**DATASET EXTRACT**.
******

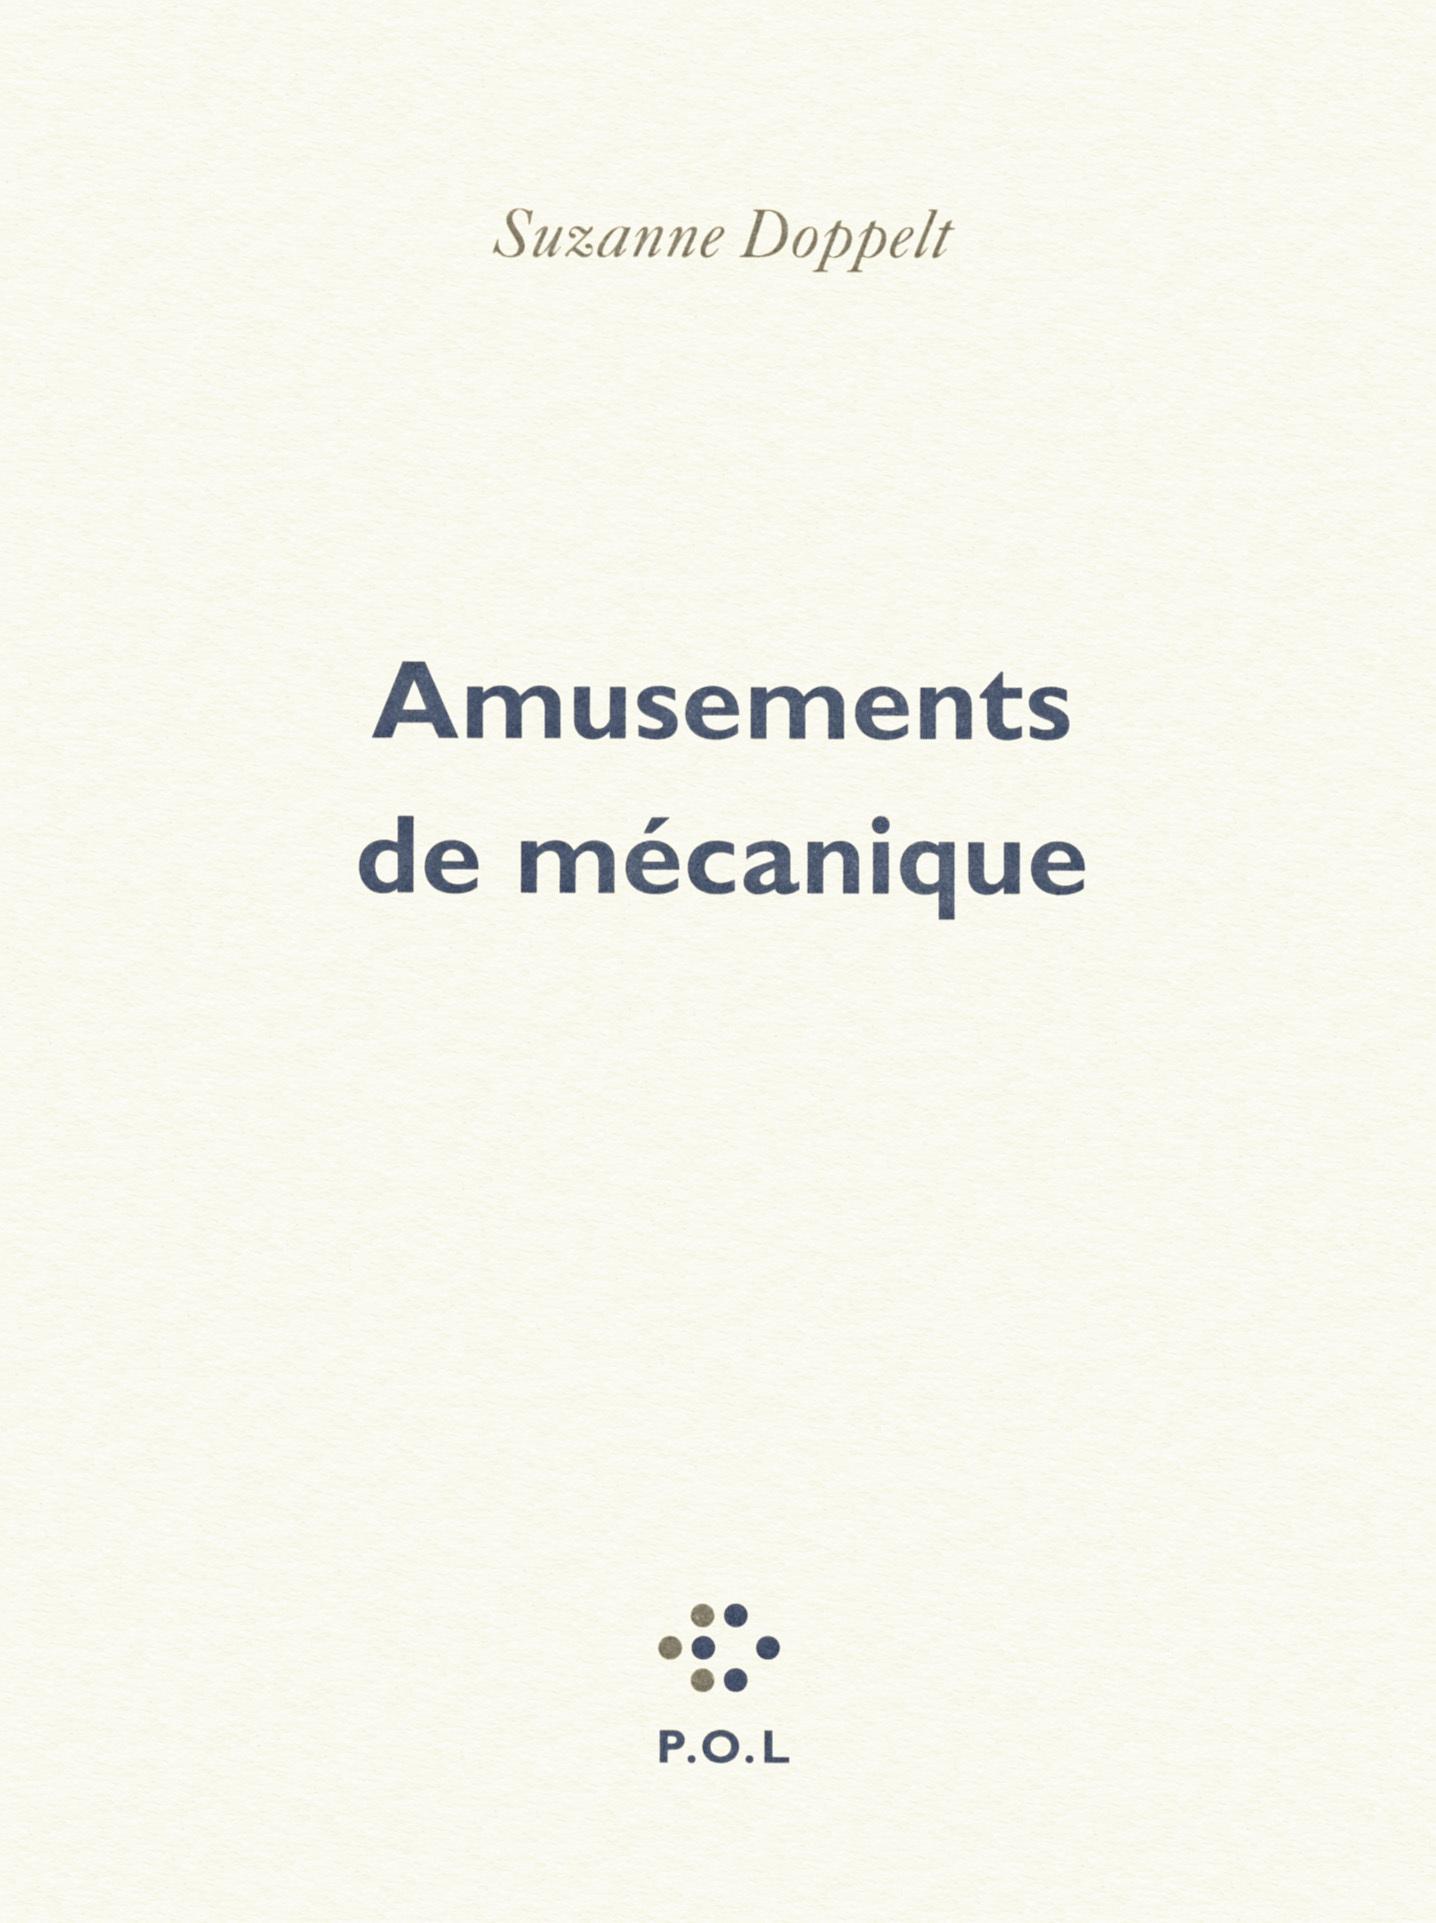 AMUSEMENTS DE MECANIQUE
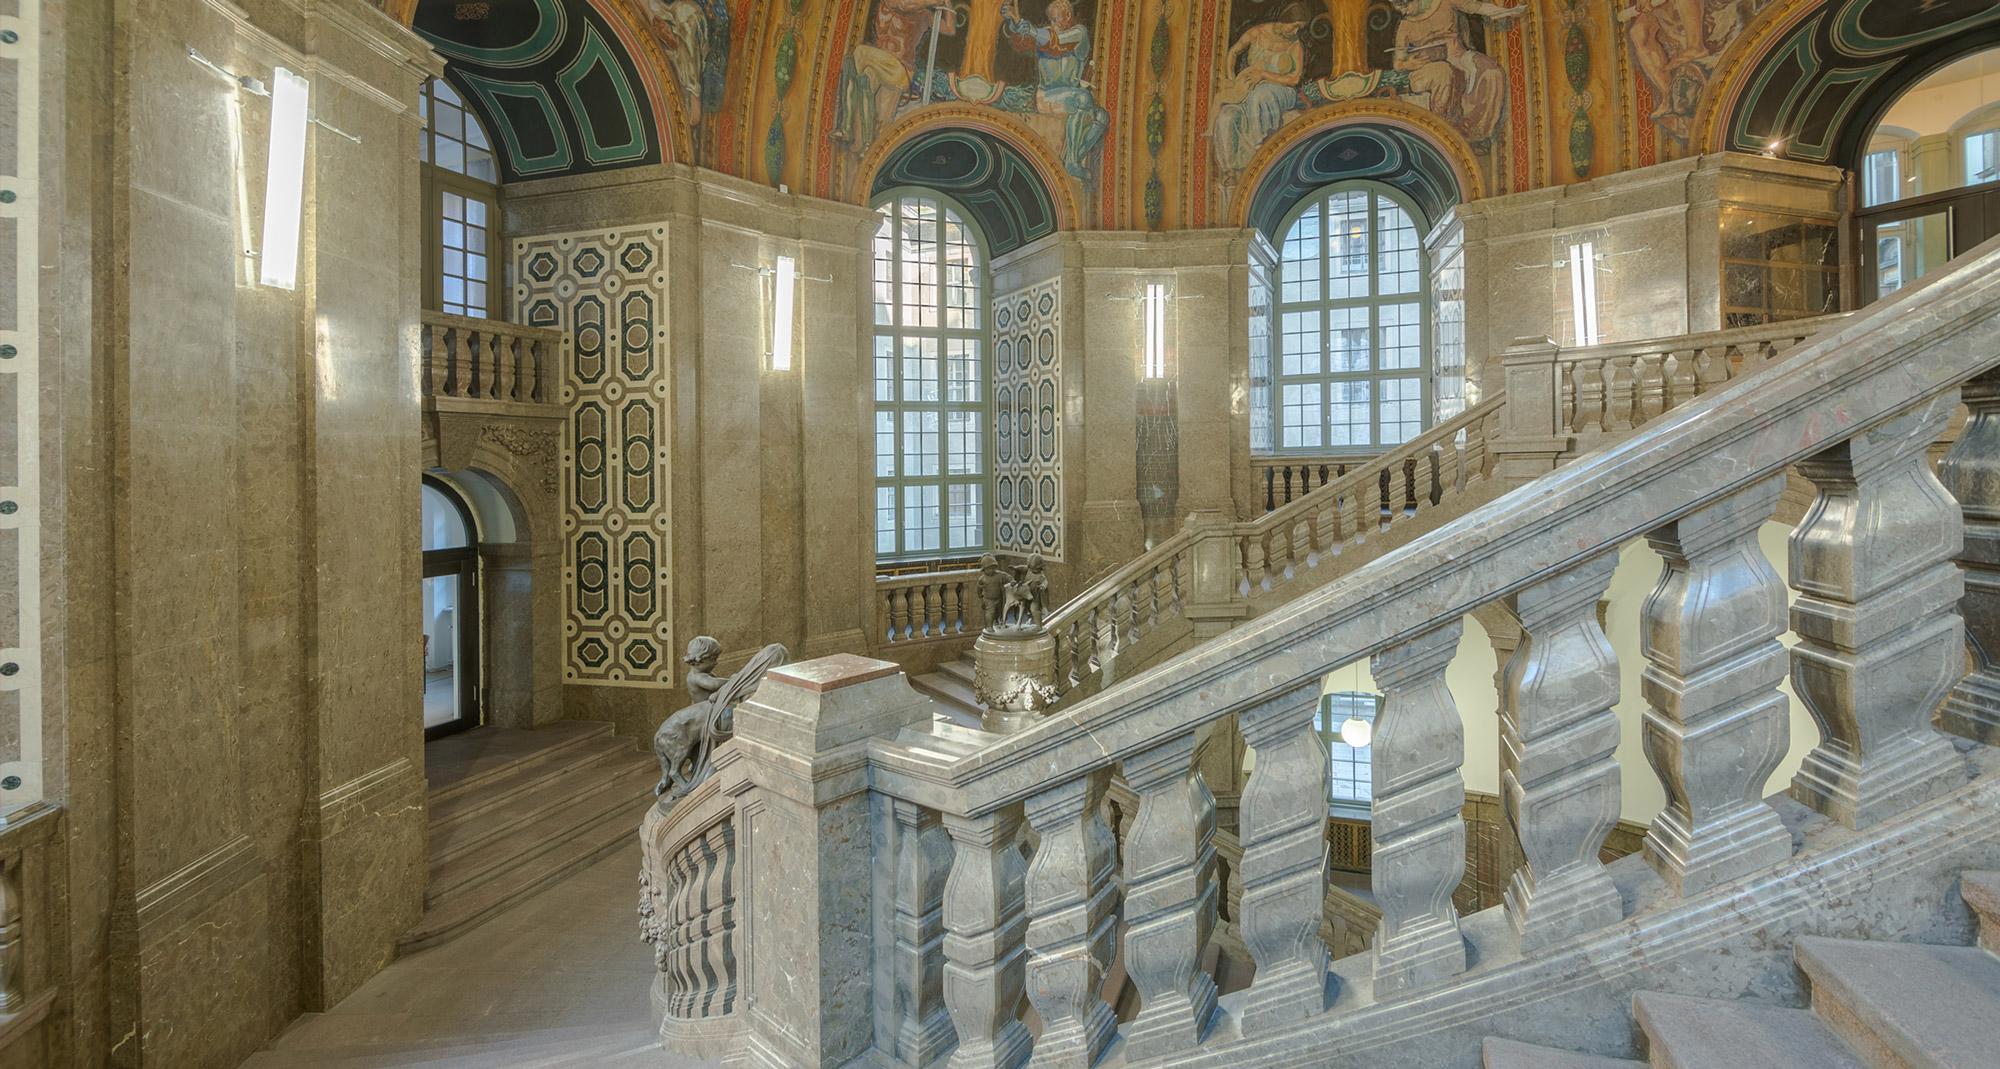 Raumimpression mit Balustrade - Neues Rathaus Dresden
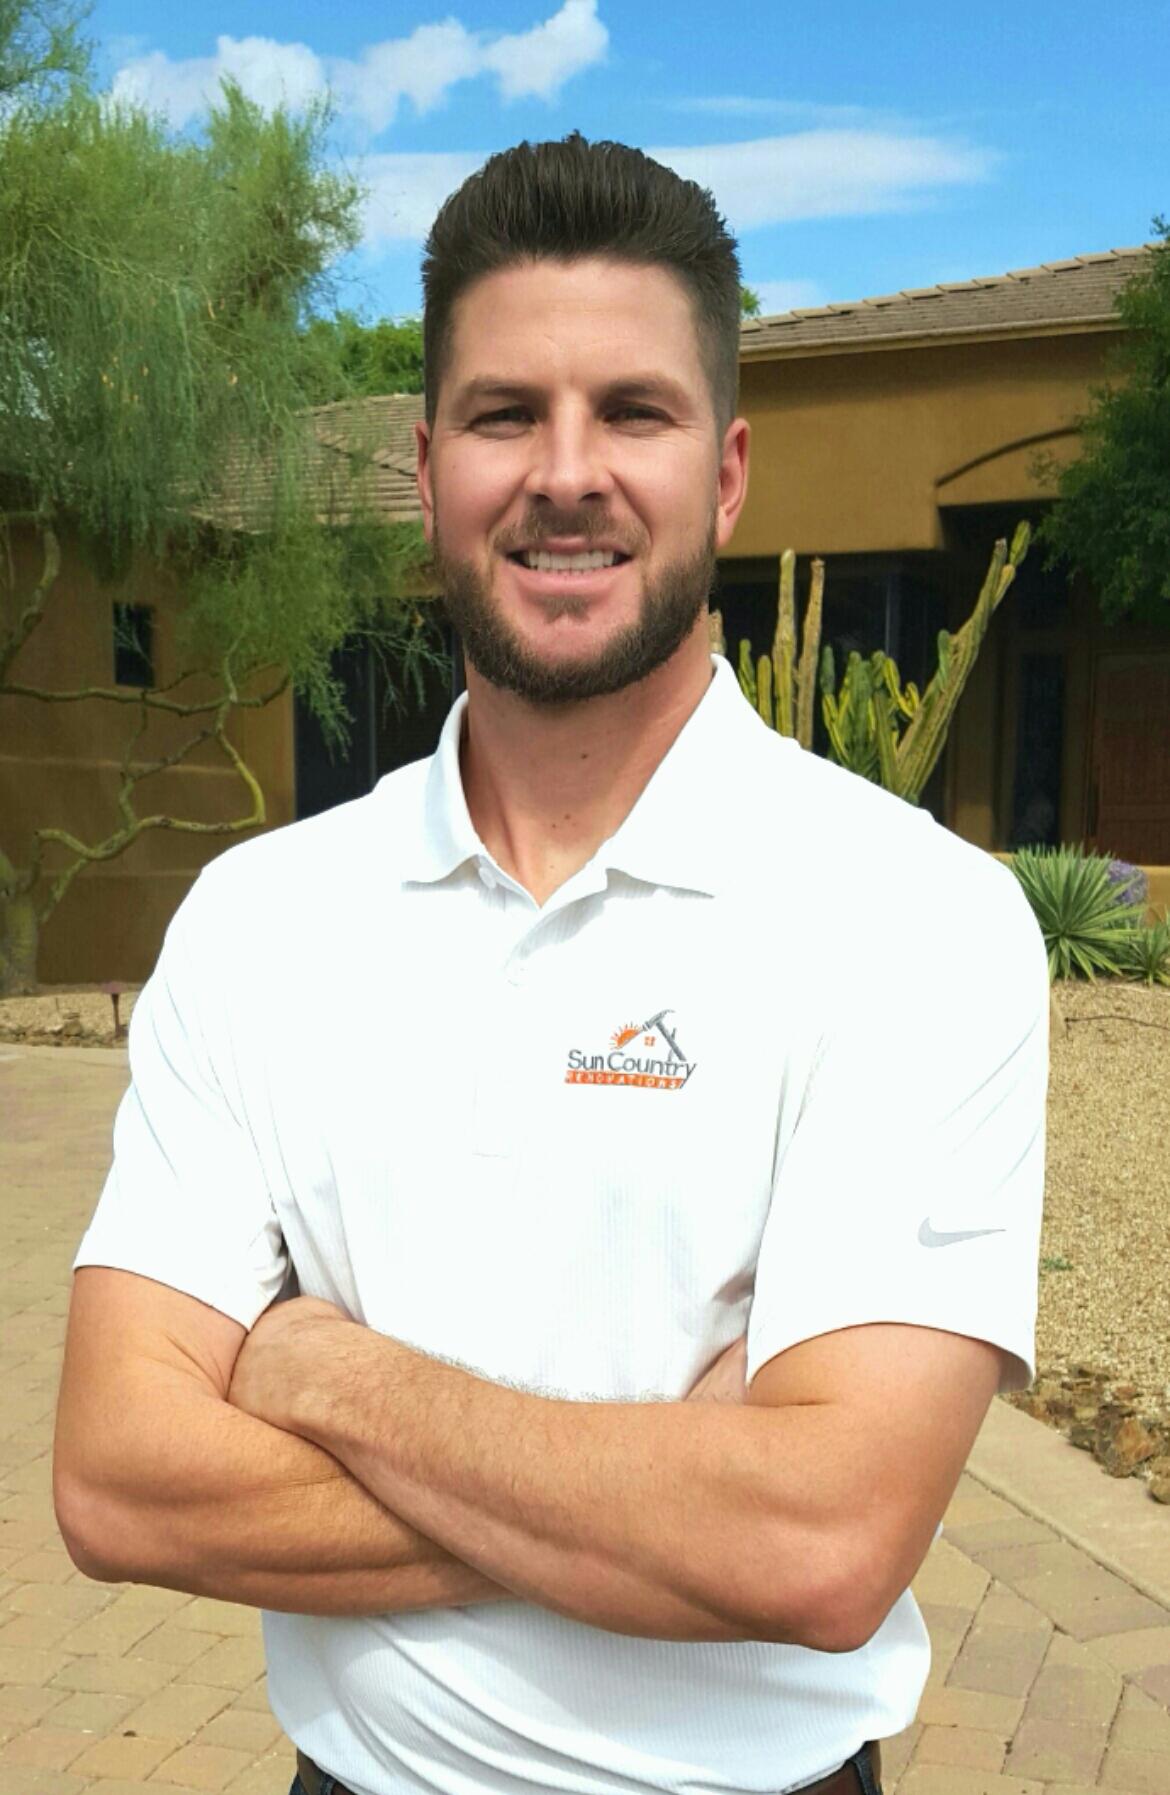 Steve Garrett, Sun Country Renovations Co-Founder
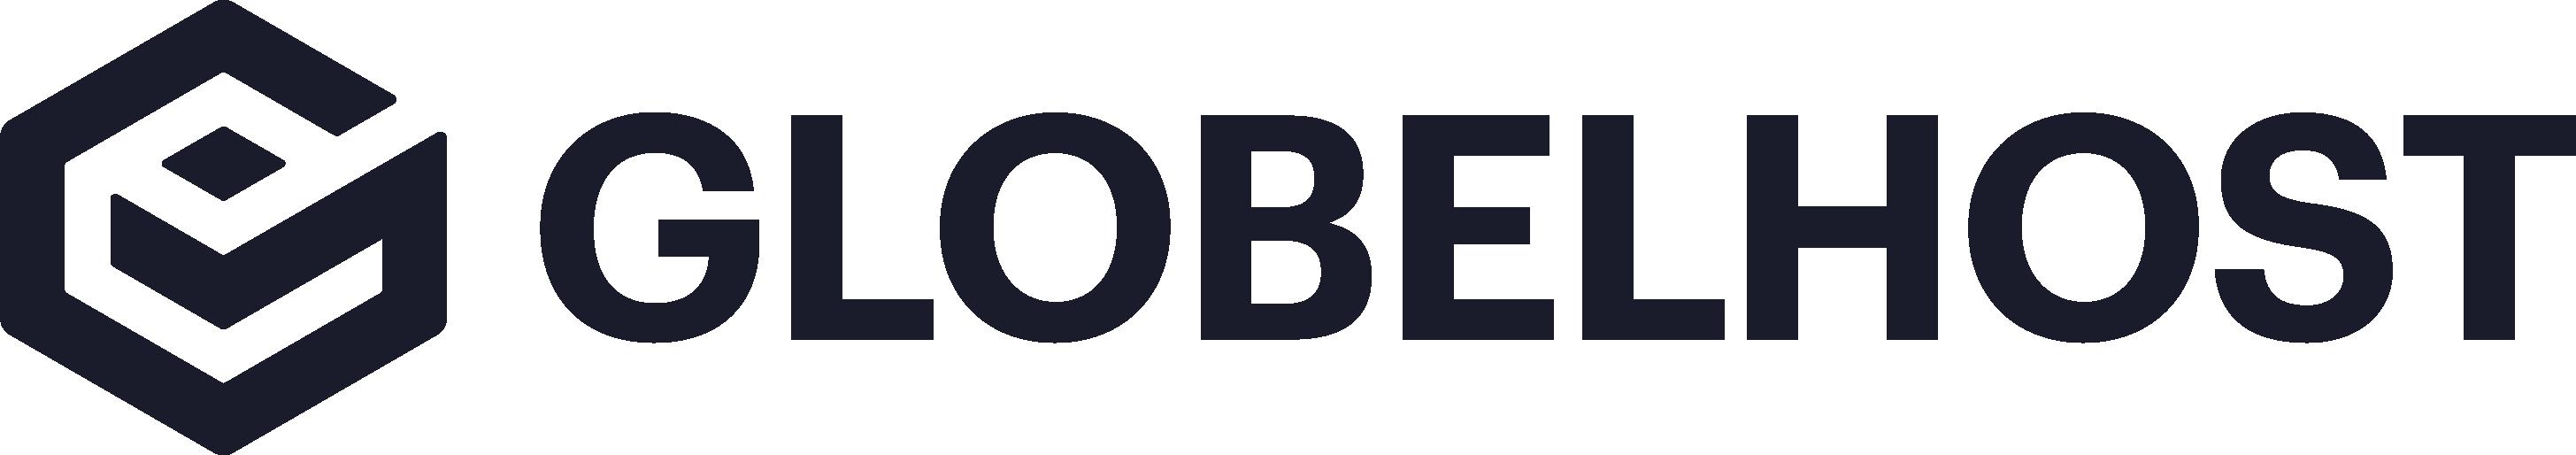 Globel Host

******

**EXERCISE REQUIREMENTS**. Once the pictures are removed, repeat all of the data above exactly.

**TASK RESULT**.
 AMUSEMENTS DE MECANIQUE
 Raumimpression mit Balustrade - Neues Rathaus Dresden
 Steve Garrett, Sun Country Renovations Co-Founder
 Globel Host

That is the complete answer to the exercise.